Since then, the rapper and producer has always found a way to generate some sort of noise around him keeping him relevant through the years. The number of times Ye has made headlines is countless, and often, not for his music. This time is different though. Behind the smokescreen of arguments with Pete Davidson on Instagram, Ye is still about his business. 

Over the weekend, it has been reported that the brain behind 808s & Heartbreak turned down a $100M deal with Apple Music for an exclusive release of Donda’s follow up. Is it a bold move? Yes. Is it’s a bad idea? Maybe not. 

As things are set to roll out, Donda 2 is about to be released tomorrow on Stem Player, Kanye’s own sonic platform and device. The tiny speaker allows users to tailor their own experience with music by allowing them to play with any given song’s beat, bass and/or instrumental. Retailing at around $200, fans of the contested genius might have to end up paying a hefty price to be able to listen to Ye’s latest musical statement. And some are not happy about it. 

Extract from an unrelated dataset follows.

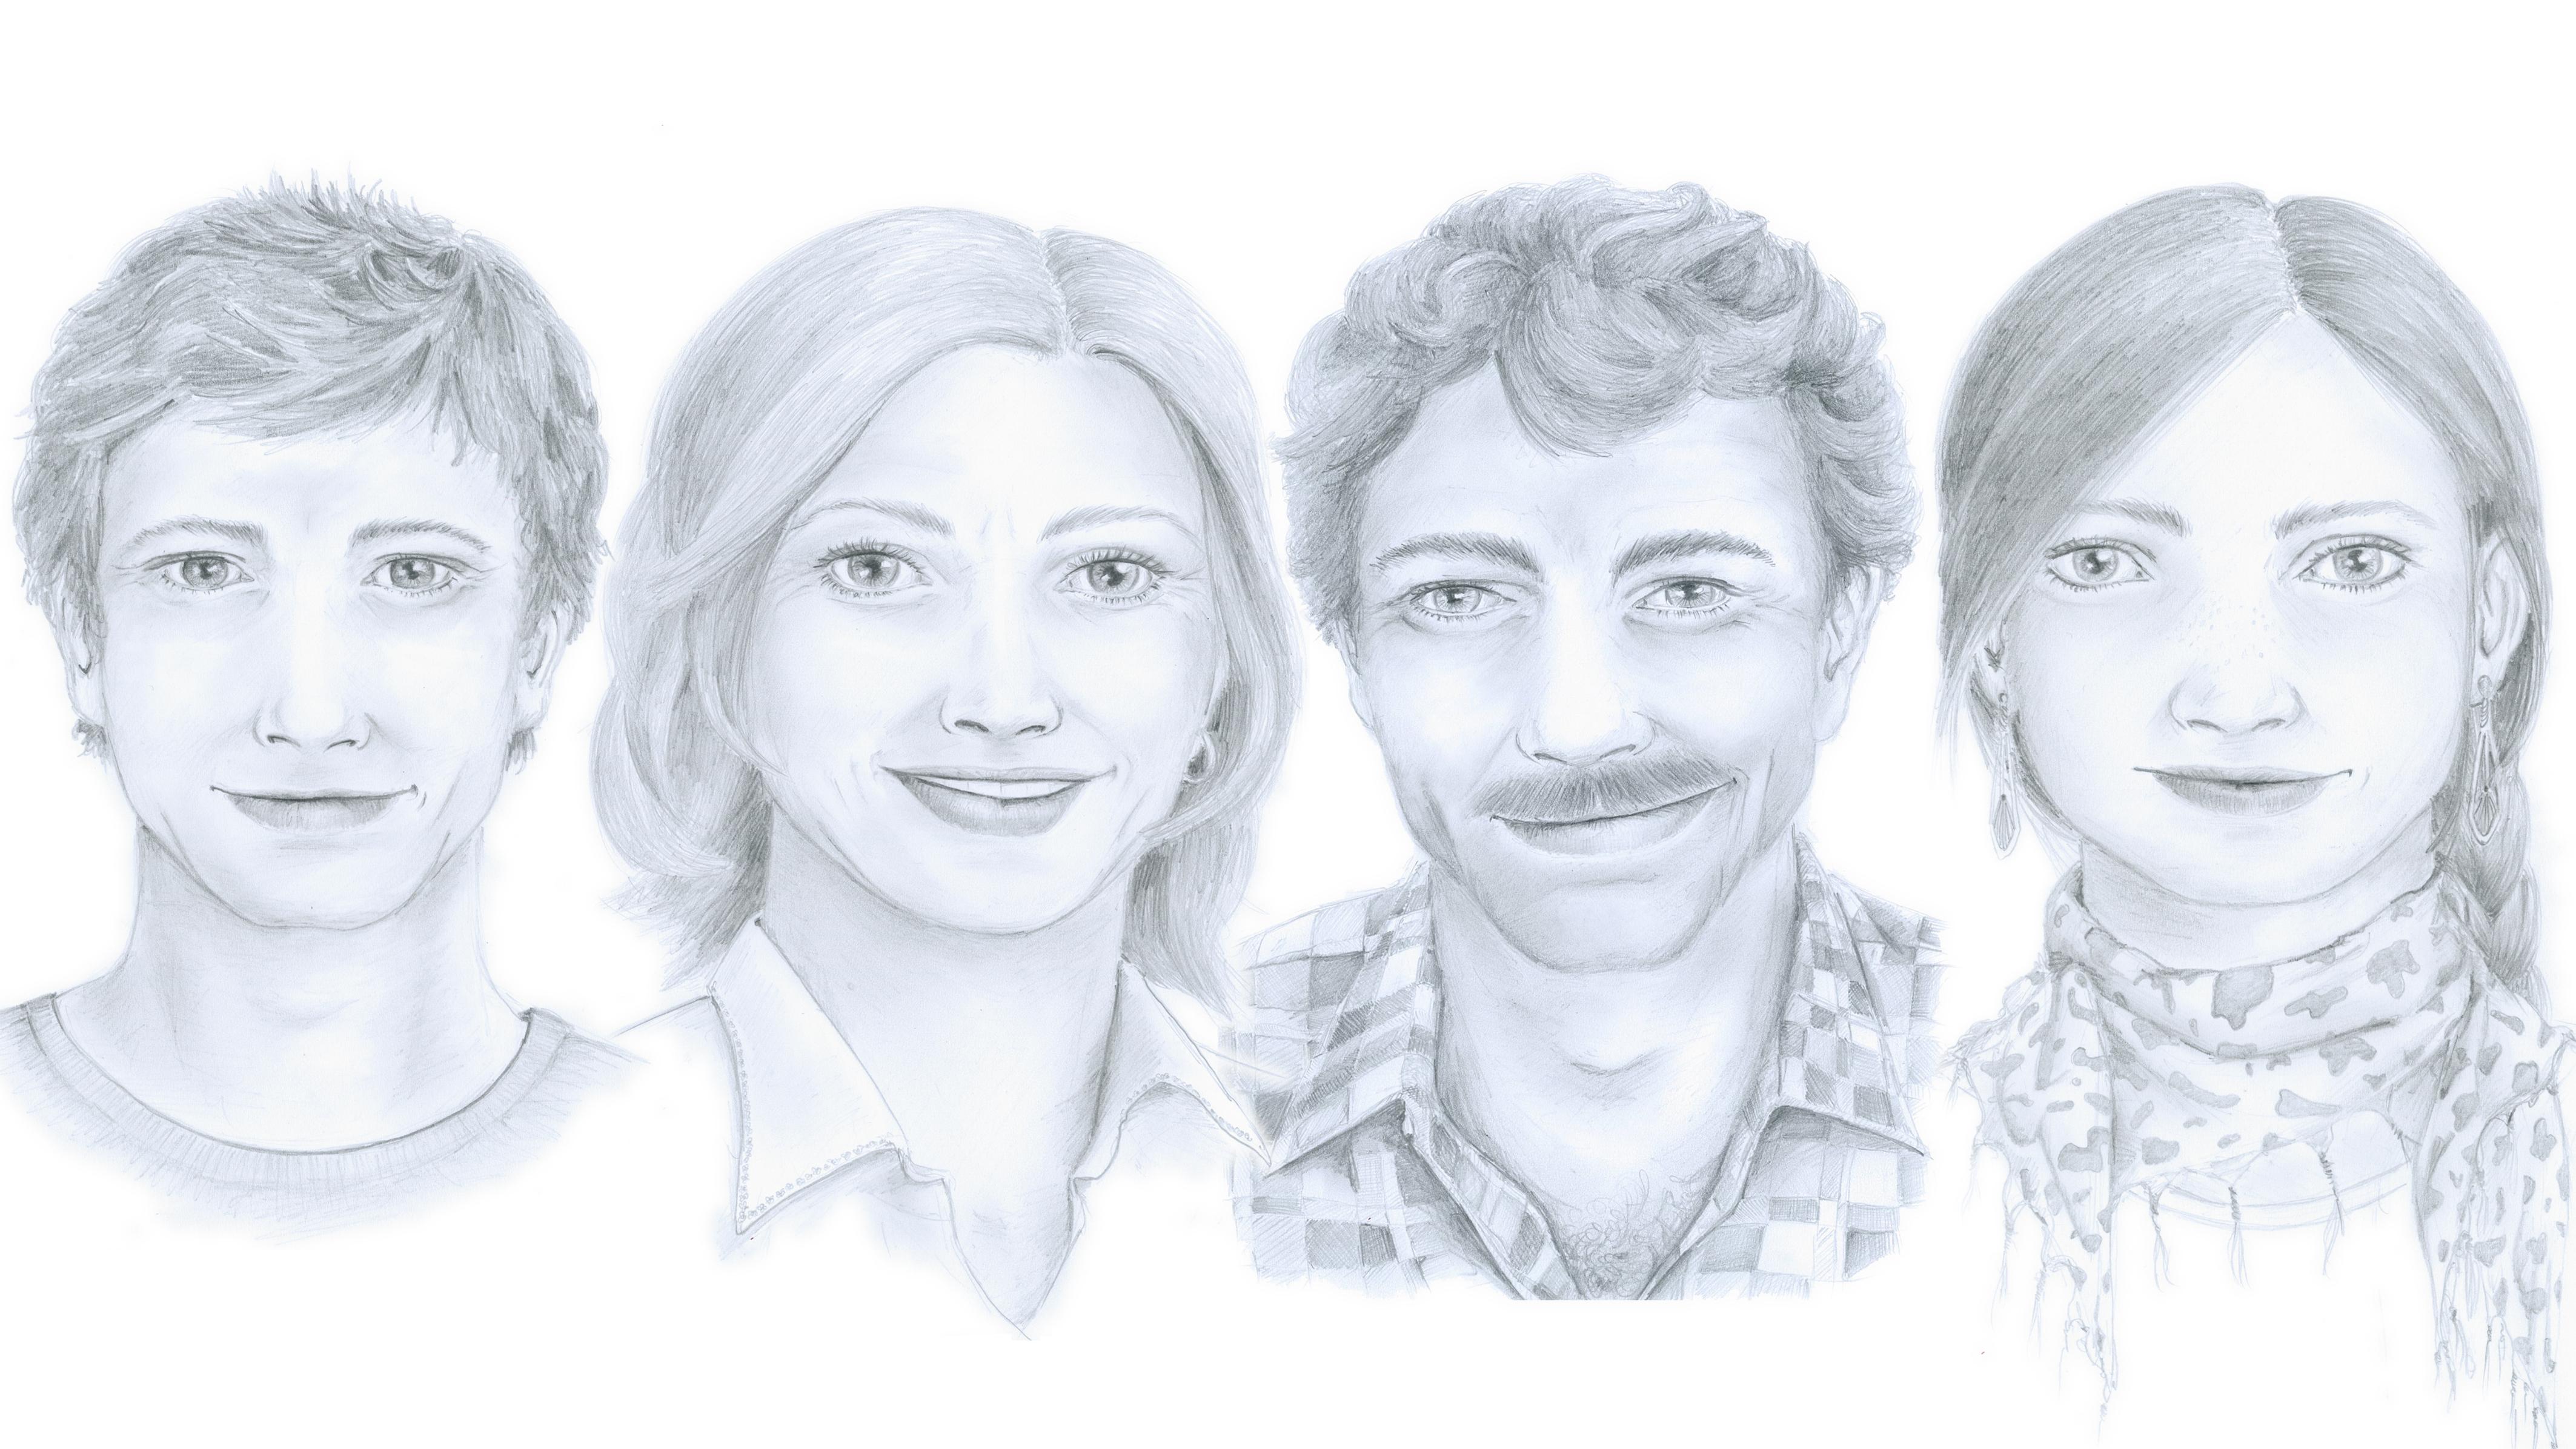 Famiglia Caflisch - da sanester: Severin (il figl), Ernesta (la mamma), Martin (il bab) e Pirmina (la figlia)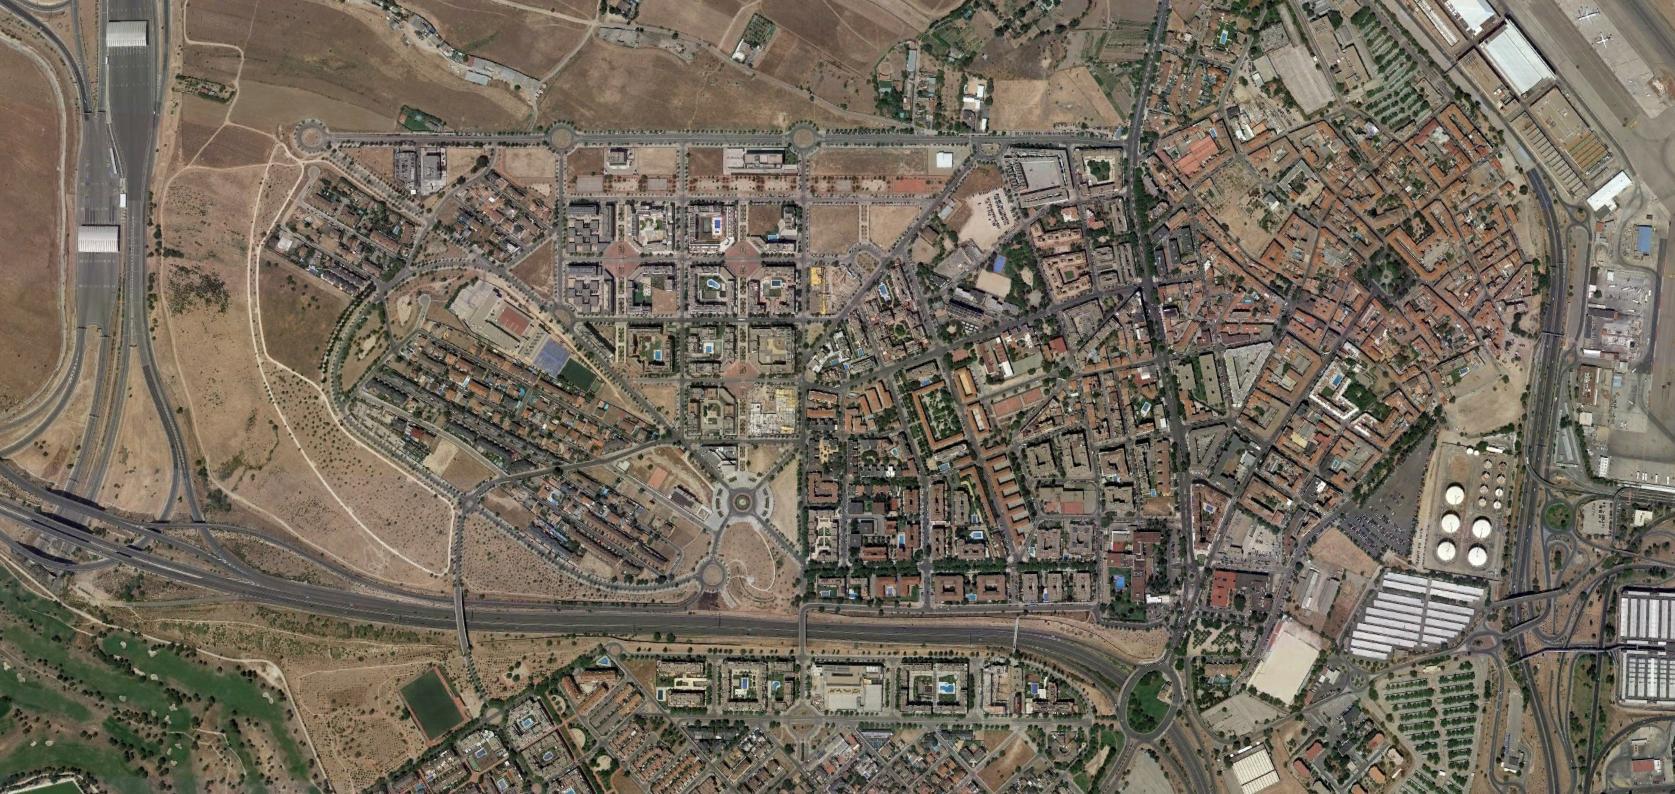 barajas, madrid, aeropuerto chiste chiste madrid barajas, después, urbanismo, planeamiento, urbano, desastre, urbanístico, construcción, rotondas, carretera

However, by distributing his own bundle of songs, Kanye is hammering the industry with a new understanding of ownership and marketing as, according to the man himself, “artists get just 12% of the money the industry makes” and that it is “time to free music from this oppressive system”. 

Although yes, it is true that Kanye has made a few uninhabited statements in the past, this one might not be that silly after all. By dictating Donda 2’s terms and conditions of release, the controversial crooner will be keeping a stronger and firmer hand over his own productions as well as his community’s listening habits, which, in the long run, will be worth more than the ten figures written on the check right now. And, numbers don’t lie, the product reached an estimated seven figures in sales before its official launch. 

Drifting away from the software experience that has become our main means of consuming music, Kanye’s alternative might, like many other things he’s undertaken in the past, become standard.

Although privileged to even be able to consider this option as a reliable one to begin with, these efforts could mark a real shift in the way music is possessed and shared. However, one issue may still subsist: reach. 

Kanye setting out to make music more accessible, while paying artists their appropriate royalties, is great in theory. But in practice, this might push fans and streamers even further away from a system they’re already miffed about. To be able to adhere to this new streaming scheme, you’ll need to be able to afford it first. Because $200 isn’t your usual $9.99 monthly Spotify subscription. Spending that much on a device that only hosts one major release isn’t necessarily the best idea.